Thread-Caching malloc. Per-thread free lists with size classes; central heap when caches drain. The allocator behind every Google service. Open-sourced separately as part of Abseil.

mimalloc · Microsoft 2019

The latest allocator from Microsoft Research; benchmarks show ~10% faster than jemalloc/tcmalloc on common workloads with simpler internals (~3,500 LOC). Used in Azure components.

scudo · LLVM

Hardened allocator with built-in mitigations against use-after-free and buffer overflows. Default on recent Android. Trade ~10-15% performance for memory-safety bug detection.

Switching is easy. Most Linux apps can switch allocator just by linking libjemalloc.so via LD_PRELOAD. Many production teams do this for free 10-20% throughput gains on memory-heavy services. Redis, MariaDB, ClickHouse, and Cassandra all ship with jemalloc by default.

Memory leaks. The classic: allocate, forget to free. Symptoms: process RSS grows monotonically until OOM kill. Diagnosis: heaptrack (Linux) tracks every allocation and shows what's still alive. Valgrind massif for offline analysis. jemalloc's built-in profiler with the MALLOC_CONF=prof:true env var.

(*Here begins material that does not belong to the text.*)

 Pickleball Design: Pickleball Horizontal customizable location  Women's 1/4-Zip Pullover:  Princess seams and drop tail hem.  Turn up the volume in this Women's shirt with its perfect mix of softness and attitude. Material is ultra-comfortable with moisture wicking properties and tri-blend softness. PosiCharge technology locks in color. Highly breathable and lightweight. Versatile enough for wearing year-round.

Fragmentation. RSS doesn't shrink even though heap usage is low — the allocator can't return free memory to the OS because of holes. More common in long-running services. Diagnosis: jemalloc-stats shows active vs resident; a large gap signals fragmentation. Fix: switch to a compacting allocator (mimalloc), or accept periodic restarts.

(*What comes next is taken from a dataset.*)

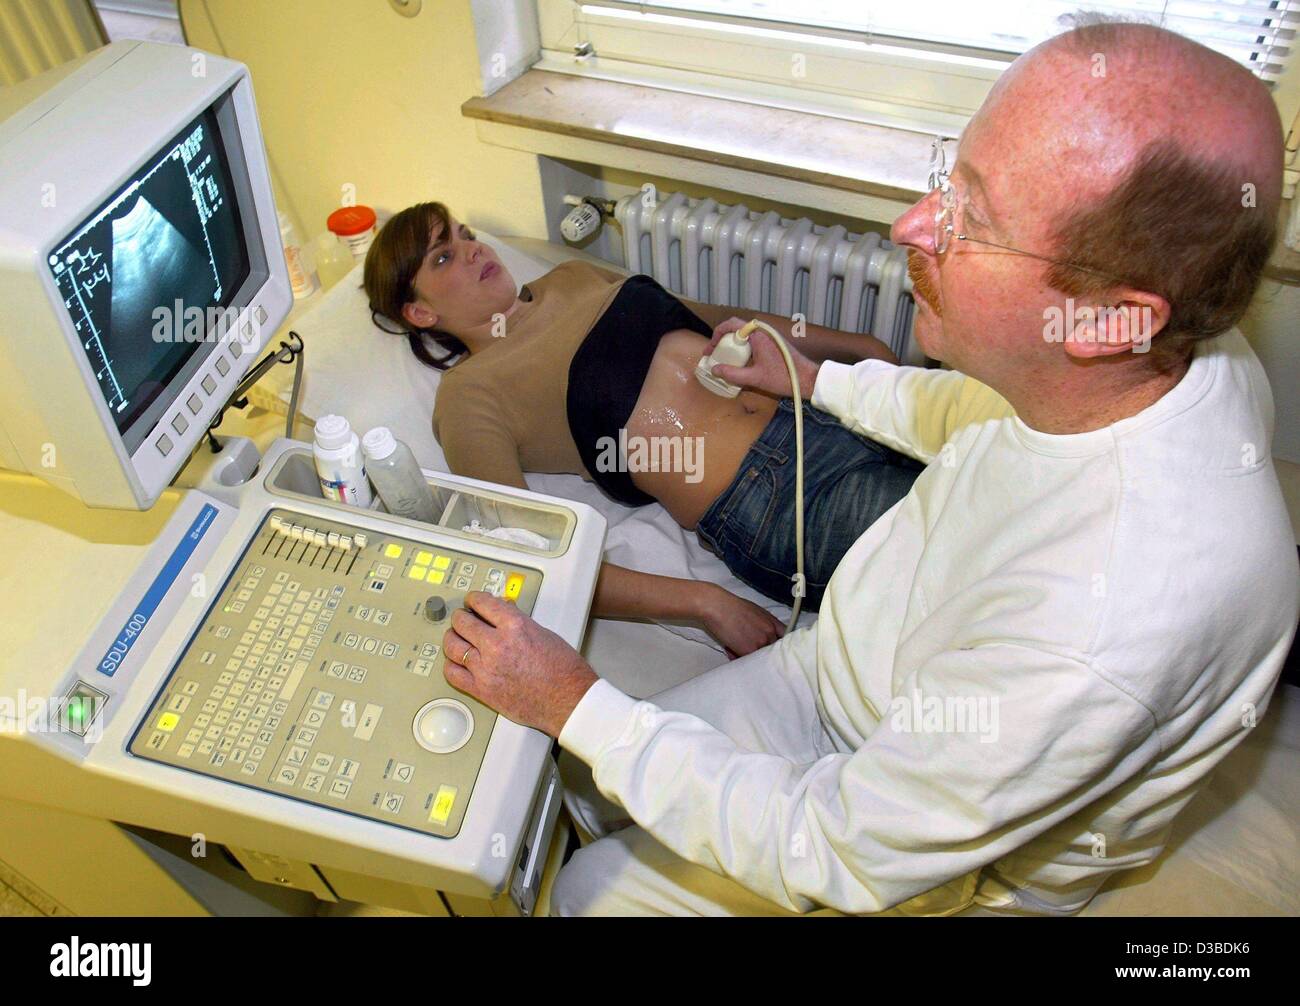 (dpa) - A doctor conducts an ultrasound scan of a patient at a doctor's practice in Duesseldorf, Germany, 23 January 2003. Stock Photo

Use-after-free, double-free, buffer overflow. The dangerous trio in C/C++. Modern compilers detect many at runtime via AddressSanitizer (ASan) — link with -fsanitize=address and the runtime catches each invalid access. ASan adds ~2× CPU overhead; useful in CI and staging, not production. Hardware MTE (Memory Tagging Extension, ARMv8.5+) does the same in production with ~5-10% overhead.

The Rust answer. Rust's ownership system catches all three at compile time. The cost is the borrow-checker learning curve; the win is C/C++-class performance with memory-safety guarantees. Why the kernel, browsers, and security-critical systems are slowly migrating.